This is also a course in academic professionalism, research methods, and article writing. We will learn about the publication process, give conference paper presentations, construct annotated bibliographies, navigate electronic resources like Early English Books Online, and write article-length seminar papers that could potentially be submitted to journals for publication.

Requirements fulfilled: Pre-1700 British, poetry genre

ENGL 5307: Studies in Restoration and Eighteenth-Century Literature
Print, Literacy, and the Discourse of Human Rights

Dr. Jennifer Snead
Tuesday 9:30–11:50
CRN 49656

This course traces the development of the concept of human rights in Britain and America, from its roots in 16th and 17th-Century political, philosophical, and religious debates, through the long eighteenth century, as it was intertwined with the concepts of printing, literacy, and progress. We'll read key primary and secondary texts in the history of human rights and literacy, from Hooker, Hobbes, Locke, and Astell, through Wollstonecraft, Paine, Godwin, Macaulay, Warren, Jefferson, Price, and Burke, to contemporary scholars on the subject like Elizabeth Eisenstein, Lynn Hunt and Amartya Sen.

We'll engage with issues of copyright, women's rights, animal rights, and abolition, always with an eye to how those discourses used printing, literacy, and access to texts as both litmus and boundary-markers for what it means to be a) human and b) entitled to certain rights. We'll also consider how technological changes in textual format and transmission—manuscript to print—shaped definitions of humanity, and concepts of “progress” and entitlement.

Students will participate in hands-on, practical printing sessions in the LetterPress Lab as well as traditional class meetings and discussions. All students will be expected to complete a printing project in the LetterPress Lab (group or individual, depending on enrollment) as well as regular written assignments, a longer research paper, and an annotated bibliography.

Please note: in order to work in the LetterPress Lab, all students taking the course must complete basic lab and chemical safety testing as required by the University, as well as entry-level LetterPress Lab safety and orientation assessments, by the second week of classes. I'll contact all enrolled students towards the end of the fall semester with explicit details and instructions!

Requirements fulfilled: Early American; Later British; Literature, Social Justice, and Environment; Book History/Digital Humanities

ENGL 5323: Studies in Nineteenth-Century American Literature
Civil War Fiction

Dr. Daghistany Ransdell
Friday 2:00-4:50
CRN 32358

In this course we will study the fiction of the American Civil War. We will examine texts written within or close to the period itself, (1861-5) as well as fiction written decades later. We will also read history and criticism of class, gender and race in this period. We will study then-contemporary concepts of race that were instrumental in shaping the defense and opposition to slavery.
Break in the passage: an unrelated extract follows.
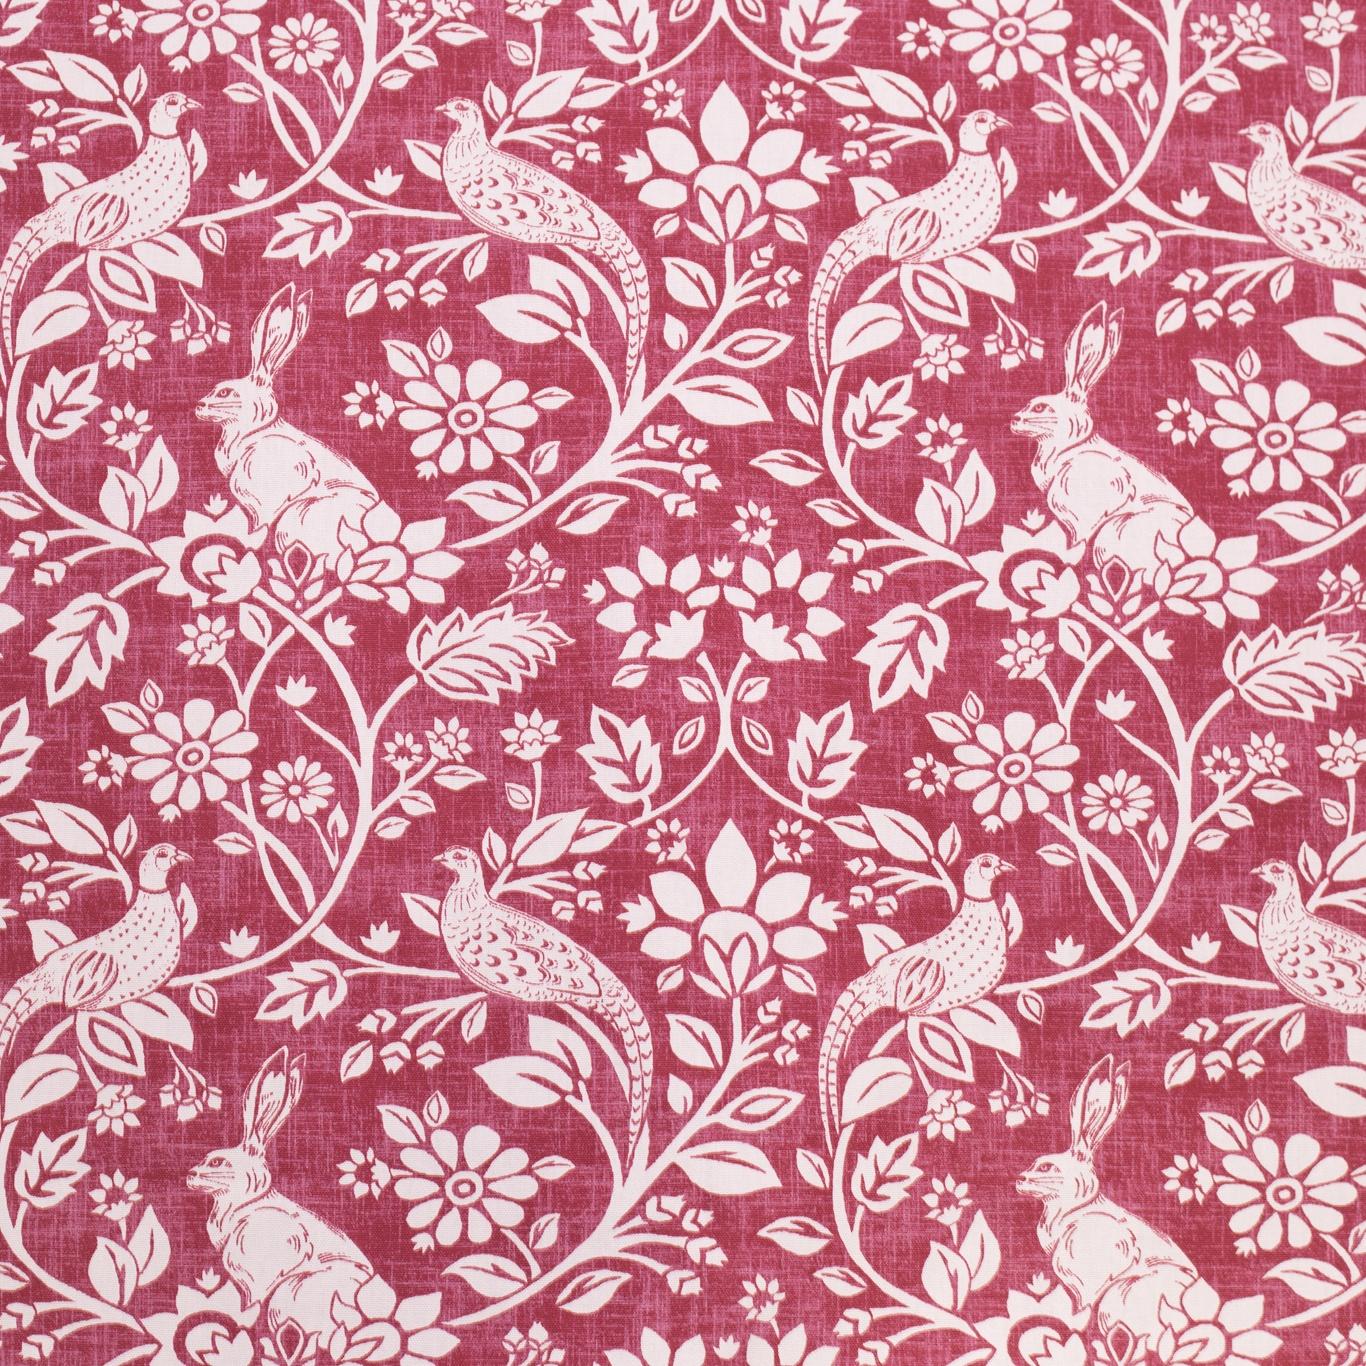 Image of Swatch Box Heathland Rouge Curtain Fabric

We will look at the impact of gender upon Civil War partisans, and how women were expected to respond, as well as how they resisted expectations. We will see the influence of various battles upon the war. In addition, we discuss how the Civil War evoked the nobility as well as the corruption of human nature, and its fictional interpretation then and now.

Finally, we will study the attitudes towards war and death that influenced patriotism, recruitment, care for the wounded, and burial of the dead. We will read John William De Forest's Miss Ravenal's Conversion, Louisa May Alcott's Alternative Alcott: Alcott's Civil War Short Stories, written before, during and after the Civil War, Ambrose Bierce's Civil War Stories, Stephen Crane's The Red Badge of Courage, Elizabeth Stuart Phelps'sThe Story Of Avis, John Fox's The Little Shepherd of Kingdom Come, Michael Shaara's The Killer Angels, Ross Lockridge's Raintree County, Margaret Mitchell's Jubillee. Other texts: George M. Fredrickson, The Black Image in the White Mind: the Debate on Afro-American Character and Destiny, 1817-1914. Drew Gilpin Faust, This Republic of Suffering: Death and the American Civil War, National book award finalist. Larry J Reynolds, Righteous Violence: Revolution, Slavery and the American Renaissance. Elizabeth Young, Disarming the Nation: Women's Writing and the American Civil War.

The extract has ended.